Liczba wyświetleń: 1858
Warszawski ratusz w poniedziałek wieczorem nie zgodził się na organizację Marszu Niepodległości. Decyzja prezydenta Warszawy Rafała Trzaskowskiego nie ma jednak poparcia jego partyjnych kolegów. Zdaniem ministra spraw wewnętrznych i administracji, Tomasza Siemoniaka, manifestacja z okazji Święta Niepodległości powinna się odbyć.
Władze stolicy uważają, że organizacja demonstracji będzie stanowić zagrożenie dla mieszkańców, ponieważ wiąże się z „paraliżem komunikacyjnym Warszawy”. Dodatkowo wnioski w sprawie zgromadzenia, rejestrowanego w paru miejscach, miały być „nieprecyzyjne”.
Dzisiaj swoją decyzję uzasadnił sam Trzaskowski. Twierdzi on, że to organizatorzy marszu z okazji Święta Niepodległości ponoszą winę za zaistniałą sytuację, bo wysłali kilka zgłoszeń, rzekomo przekraczających termin ustawowy.
Przedstawiciele Stowarzyszenia Marsz Niepodległości niemal od razu zapowiedzieli odwołanie się od decyzji władz Warszawy do Sądu Okręgowego. Organizatorzy zapewniają, że mimo prób zablokowania demonstracji, odbędzie się ona zgodnie z planem.
Sprawę na antenie TVP Info skomentował także szef MSWiA. W opinii Siemoniaka Marsz Niepodległości powinien przejść ulicami stolicy, bo w Polsce „mamy wolność demonstrowania”. Polityk Koalicji Obywatelskiej dodał, że jest spokojny o ostateczną decyzję umożliwiającą organizację manifestacji.
Na podstawie: DoRzeczy.pl, Interia.pl
Źródło: Autonom.pl
Niektórzy politycy mnie irytują, niektórzy brzydzą, ale na widok trzaskowskiego to mnie autentycznie mdli. Jak można było wybrać sobie takiego miglanca na prezydenta, warszawiacy sami zgotowali sobie ten los.

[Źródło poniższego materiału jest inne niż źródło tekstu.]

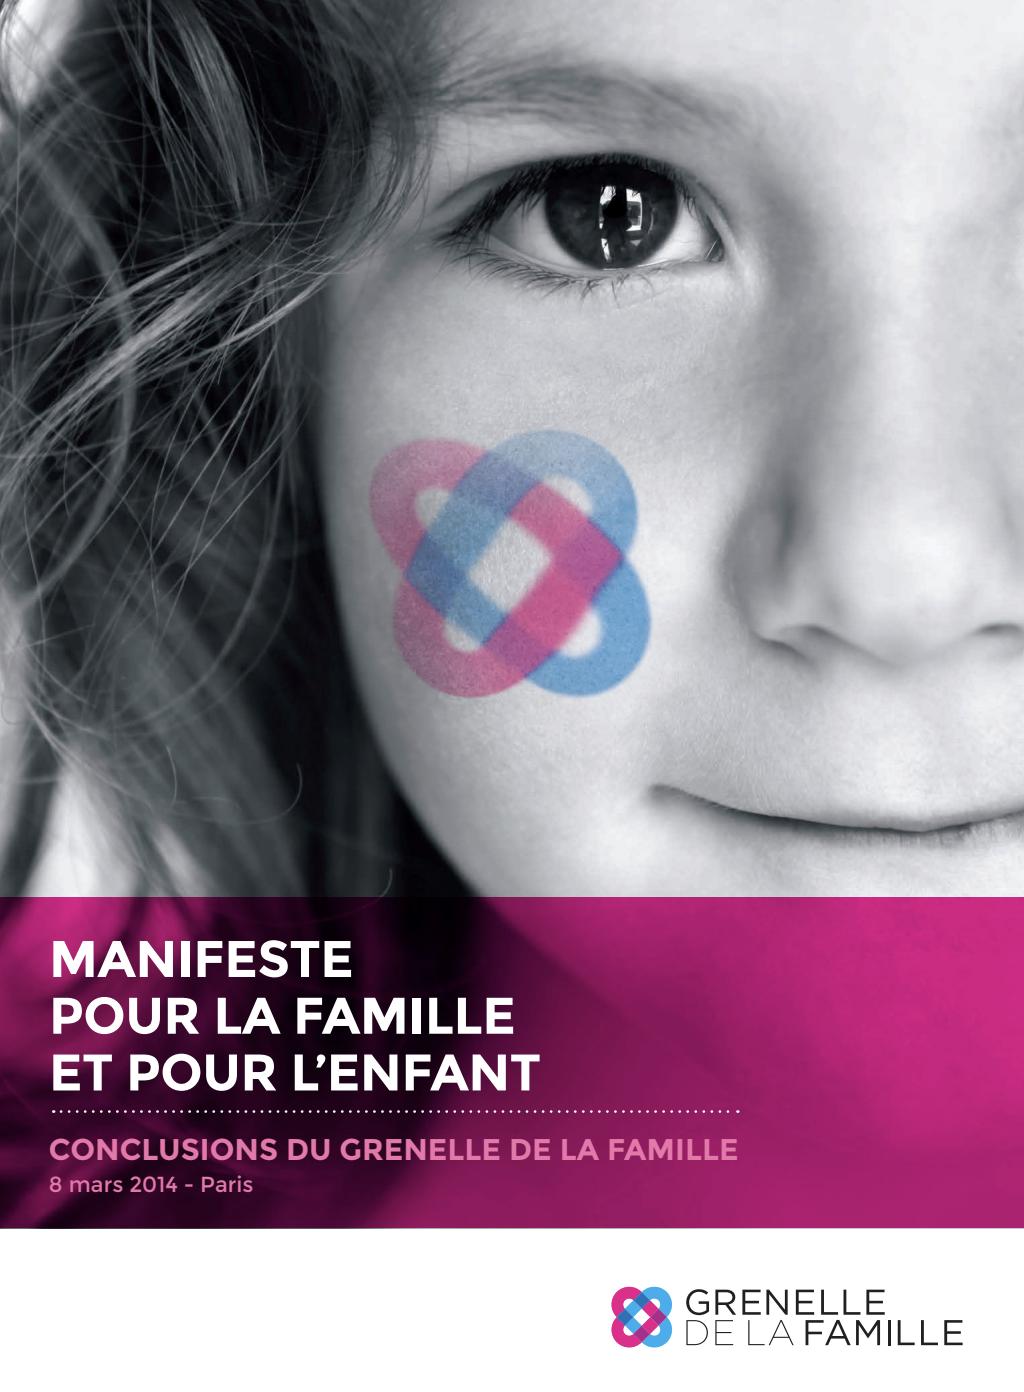 Couverture - Manifeste pour la famille et pour l'enfant
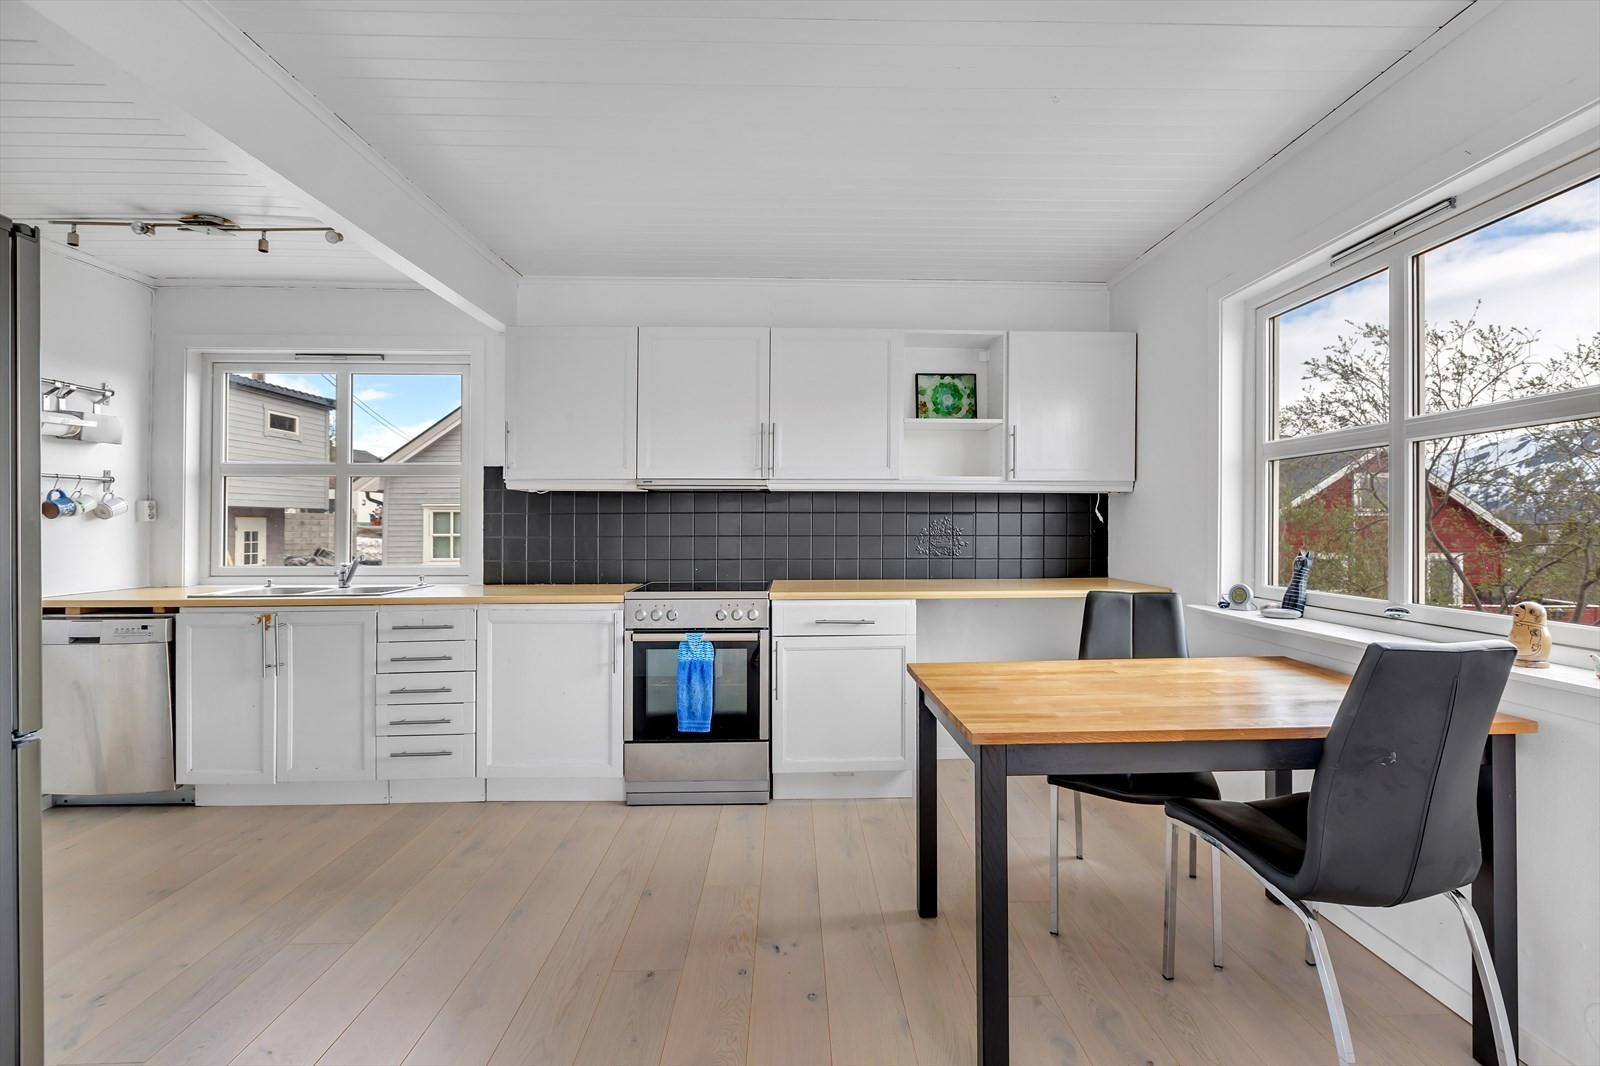 Kjøkken med vindu og lysinnslipp mot øst og nord.

Ciekawe czemu innych marszów nie zakazuje. Jeszcze niech go wybiorą teraz na prezydenta dopiero bedzie mógł poszaleć.
lelos2, nie wybrali świadomie bo zostali okłamani. Został tam ,,wprowadzony,,. To jeden z ,,pupilków,, globalistów więc było wiadomo że będzie mącił.
Jak masz do wyboru pięć zer i pięć jedynek, to nie znajdziesz wśród nich ideału na piątkę. Tak zawsze wyglądają wybory. Gorzej gdy musisz oddać głos na dwa kłócące się zera. Nie ma szans żeby wybrać dobrze.
Jestem z Warszawy, ale na Trzaskowskiego nigdy nie zagłosuje. Tak jak piszecie – to ustawka. W Wawie głosują na niego słoiki i słoikopodobni – tych jest większość. Nie ma co się obrażać – to prawda.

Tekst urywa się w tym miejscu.